14 - LAURO DA ESCÓSSIA
Jornalista e historiador, foi diretor de O MOSSOROENSE, onde escreveu uma série de artigos sobre o período da guerrilha. Vive em Mossoró.

15 - EDGARD BARBOSA
Professor, jornalista e escritor de Ceará-Mirim (RN). Morreu em Natal, em 1976, com 67 anos.

16 - RAIMUNDO JUVINO
Comerciante e industrial, foi prefeito de Mossoró de novembro de 32 a setembro de 33. Chegou a ser preso por ser cafeísta. Morreu em Natal, em 1980, com 93 anos.

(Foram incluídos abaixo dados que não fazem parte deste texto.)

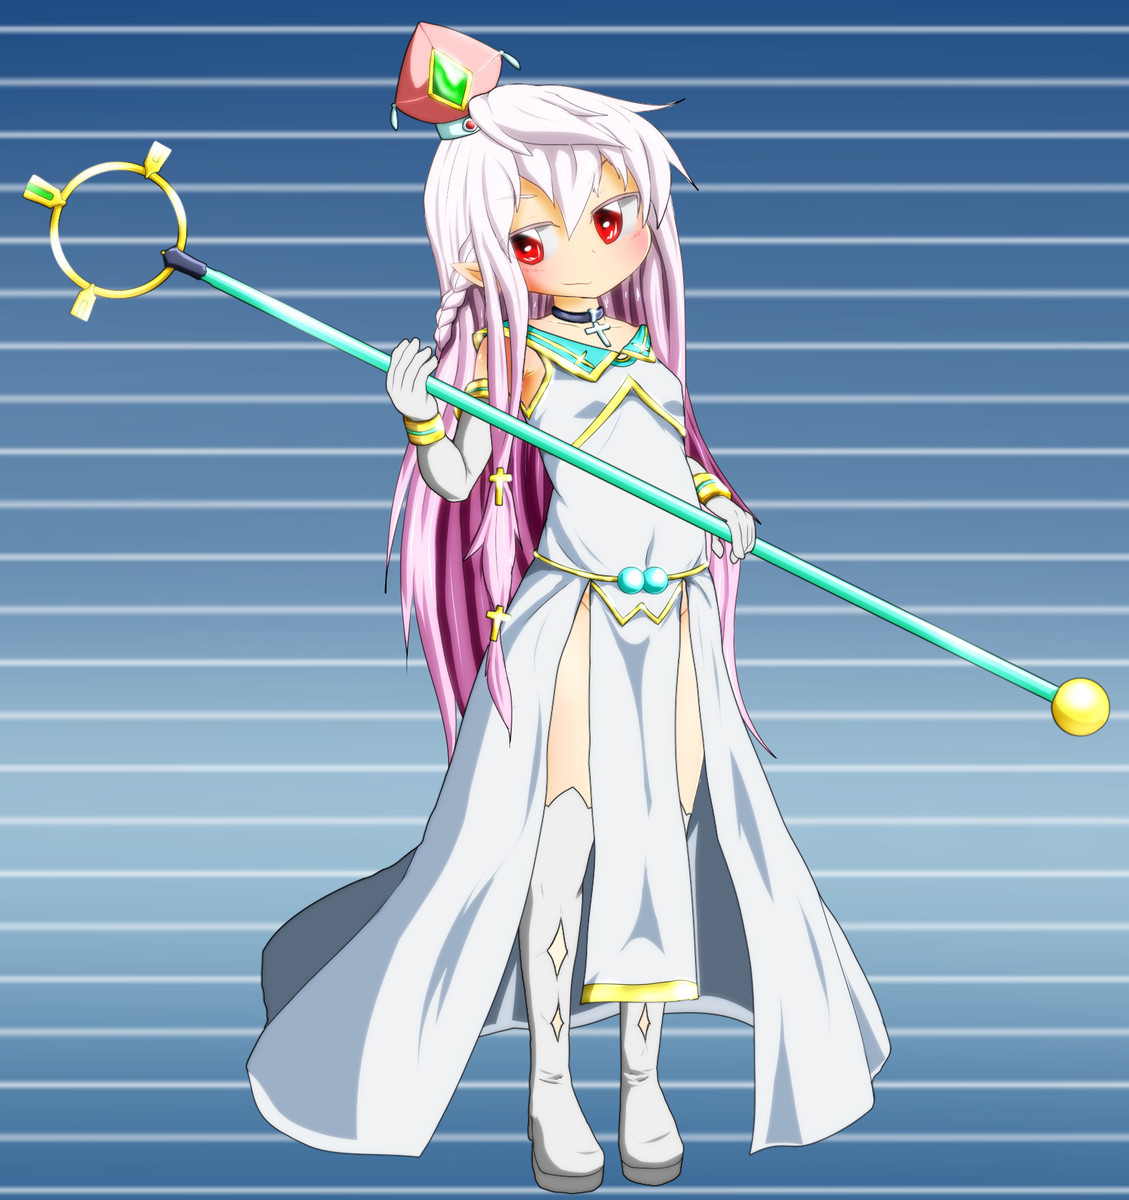 f:id:okada-akihiro:20190917002330j:plain

17 - SABOINHA (Vicente Carlos de Sabóia Filho)
Nasceu em 1889, no Ceará. Foi por muitos anos superintendente da estrada de ferro de Mossoró, adquirindo fama de terrível pelas arbitrariedades praticadas contra ferroviários e outras categorias. Morreu em 1965.

18 - CELINA VIANA
Natalense, nasceu em 1890. Esposa do Prof. Eliseu Viana. Entrou para a história de Mossoró por ter sido a primeira mulher no Brasil a votar (1928). Morreu em 1972, em Belo Horizonte.